The deeply recessed creases in the doors, the blacked-out B- and C-pillars, furrowed brow, standard fog lamps, color-matched spoiler and the tasteful use of chrome – something most domestic automakers still haven't mastered – all blend into a cohesive whole that's at once masculine and refined.
Autoblog

The headlamps are now shallow and squinty, as if the car just drove out of a dark tunnel on a bright sunny day.
Car and Driver

Before it was brand-new in 2011, the Jeep Grand Cherokee looked old, and low-rent. It was dated when it was new. The lavish, on-point renovation that came for the 2011 model year fixed all that, giving the Grand Cherokee the spot-on proportions and stance it has today.

This year's light retouching doesn't backtrack at all, but it does water down the Jeep appeal up front. The Grand Cherokee used to wear seven chrome bars on its face like it was passing time in some fabulous supermax facility. For 2014, for reasons we can't fathom, the grille is smaller, thinner, and those chrome bars are all but gone. The Grand Cherokee has an "innie" now, with body-color bars and wan little chrome lines around them, an anti-Jeep at least from that narrow perspective. A statement this concise needs the perfect punctuation. If Mercedes can flaunt Flavor Flav-sized logos on the M-Class, the Grand Cherokee's grille bars should be wide enough for Weber.

Otherwise, today's Grand Cherokee is one pretty, sophisticated piece. The details are fine, if the sideview reminds us some, or a lot, of the BMW X5 or VW Touareg.
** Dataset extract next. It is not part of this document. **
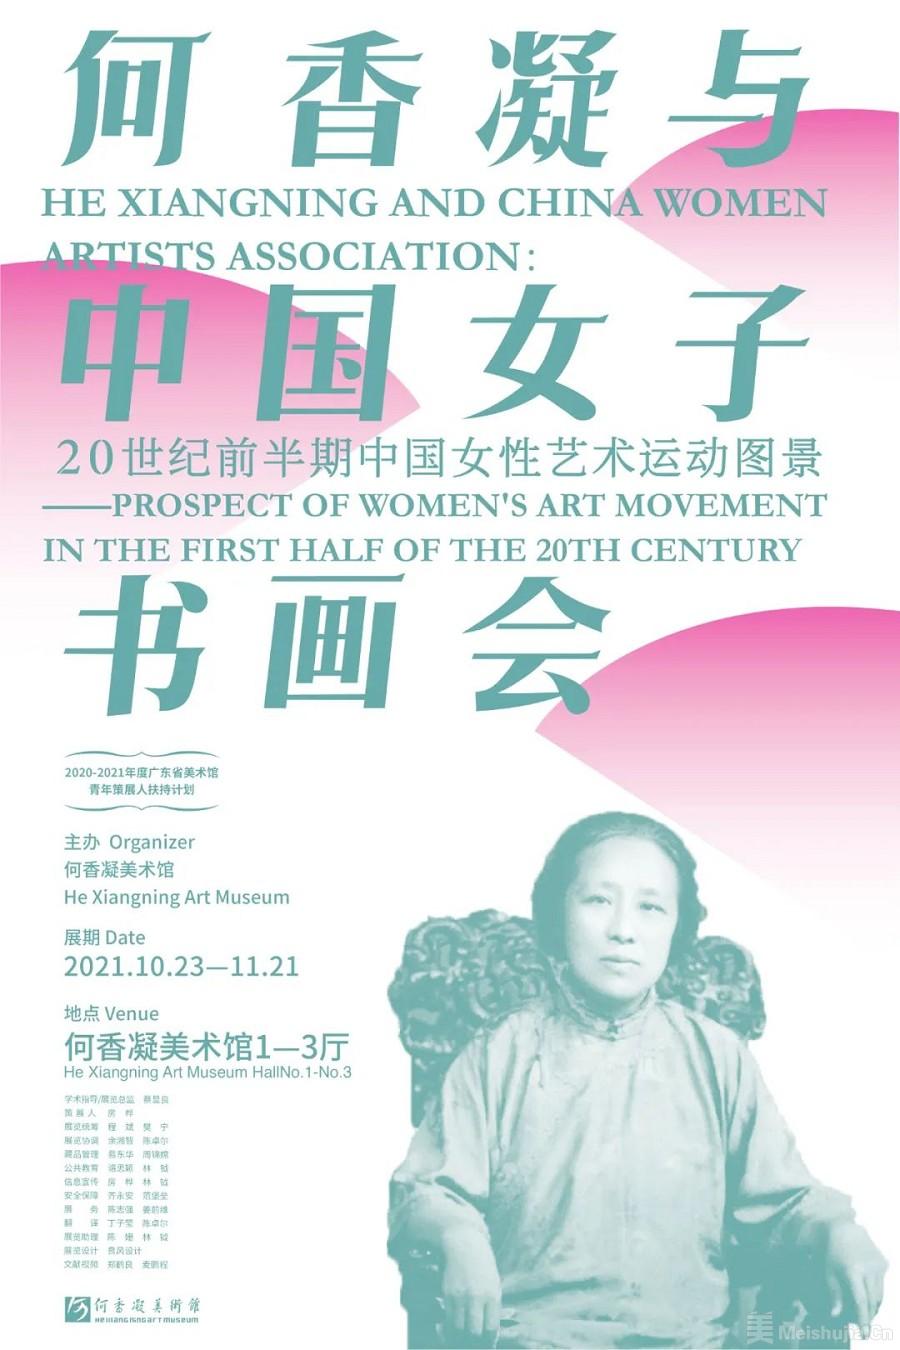 何香凝与中国女子书画会：20世纪前半期中国女性艺术运动图景

The LED taillights, at least, have more bite this year, and that addresses the derivative look of the rear end nicely. Rear LED taillights and a spoiler lifted from the SRT edition are standard on all versions now, while from the nose and tail, the lower fascias are different, pierced by dual exhausts on most models and on the SRT.

The Grand Cherokee's cabin went from deer blind to Sundance studio back in 2011, and the new stitched-leather dash and ambient lighting are perfect touches for a glamping atmosphere on the top trim levels. Even on the basic versions, there's a chunky three-spoke steering wheel, a usefully arranged center stack of controls capped with inoffensive metallic-plastic trim, and a five-inch LCD touchscreen for audio. On Limiteds, Overlands, and Summits, Jeep applies real wood trim on the dash, doors, and the steering wheel. It begs to be touched, in the same amount the last-generation vehicle wanted to be left alone. It's in its best light in Summit's organic coloring, under the natural light of the panoramic roof. This is Chrysler's best interior, and it's fairly amazing in how it feels like an M-Class, which is sort of is, or a Cayenne, which it supersedes in many ways.


 

 

Conclusion

The rugged good looks still look good, but a tamer grille has watered down the Jeep in the Grand Cherokee.